Perhaps you’ve noticed your juniper bonsai looking a little under the weather. Its needles appear brown and brittle and it’s not as perky as it once was. If you suspect your little tree is experiencing distress, it is best to act very quickly. The sooner you come to your bonsai’s aid, the better.
Their diminutive size makes them appealing as houseplants, but juniper bonsai are truly meant to be an outdoor plant. The juniper varieties used in bonsai gardening are trees. Just like all trees, they require the light and temperature combination that comes from being outdoors. Those who wish to raise thriving bonsai trees should only bring them indoors for a day or two if needed for a special occasion or to be used as a display. They should then be returned to the outdoors as quickly as possible.
Juniper varieties mask their troubles for quite some time. This can be bad for beginning gardeners, as the plant will appear to be healthy at first even when it is not. By the time the plant outwardly manifests signs of its distress, it may be too late to do anything meaningful.
For this reason, it is best to purchase a juniper bonsai from a reputable nursery where the employees are expert gardeners and understand the care and maintenance required for these beautiful trees. Purchasing a tree that has been raised in a nurturing environment and is in prime health to begin with is the single best thing a bonsai hobbyist can do to succeed. Bonsais are often sold at mall shops or garden centers that do not specialize in exotic plants. They are usually staffed by well-meaning employees who are often unaware of the particular needs of a juniper bonsai and over-water the trees. This is one of the leading causes of distress in juniper trees.

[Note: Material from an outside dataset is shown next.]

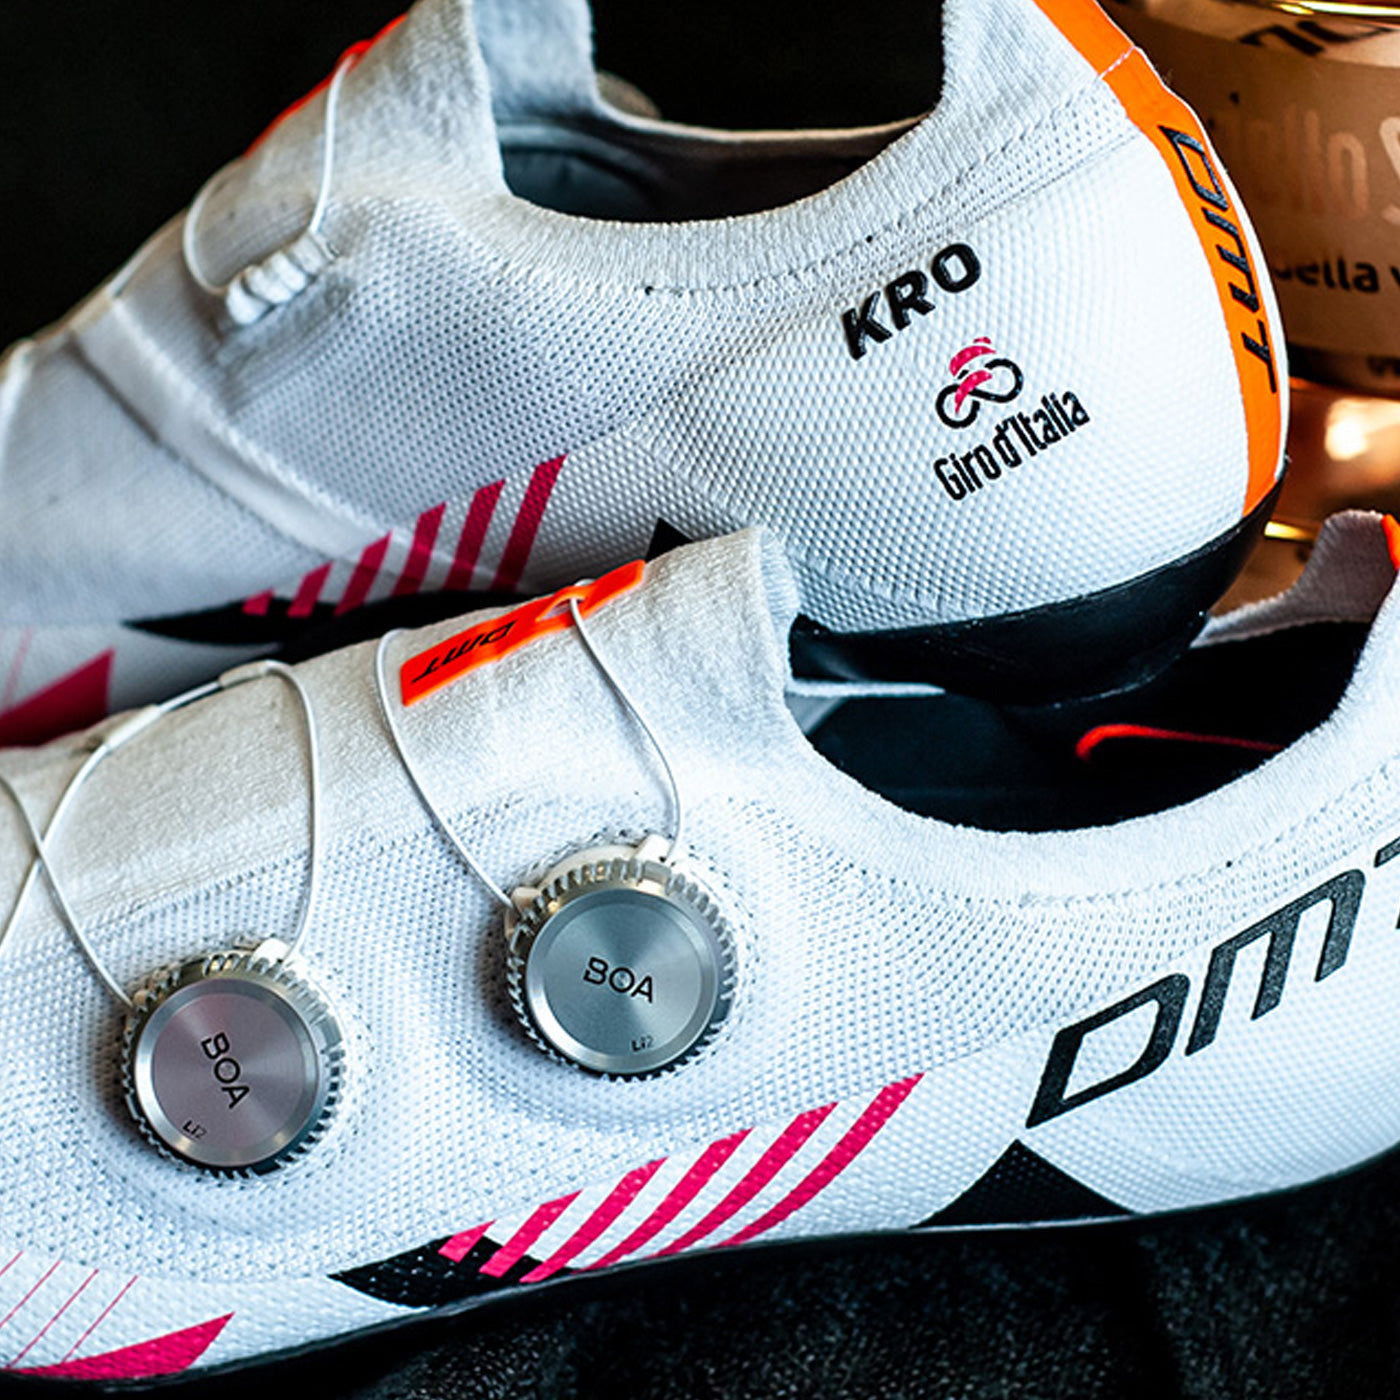 DMT KR0 shoes - Giro d'Italia

If a tree is showing signs of trouble, all is not necessarily lost. There are a few tricks that might help to nurse the tree back to full health again. If it is not too late for the tree, things like changing the potting soil or watering schedule might help to restore it.
- If your tree has taken on a truly alarming appearance, or even looks dead, it might be time for the Scratch Test. Carefully scratch a section of the tree’s trunk with a fingernail. While the outer layer of bark is brown and appears dead, the inner layer of a tree that is still alive should appear to be a vivid green. If your Scratch Test reveals a green inner layer, there is still life in your tree and it can probably be saved. If, however, your little tree has a dried trunk with no green underneath, it might be time to say your goodbyes and perhaps try again with a new tree.
- If your Scratch Test made clear your tree is still alive, it is now time to get to the root of the problem, literally. Your bonsai may have come in a container with decorative stones glued to the soil. If so, remove these immediately! This is a tactic used by many garden shops to make the trees look pretty and to keep the stones from shifting around during transport. The glue used to keep the stones in place is not healthy for the tree and should be thrown away as soon as possible.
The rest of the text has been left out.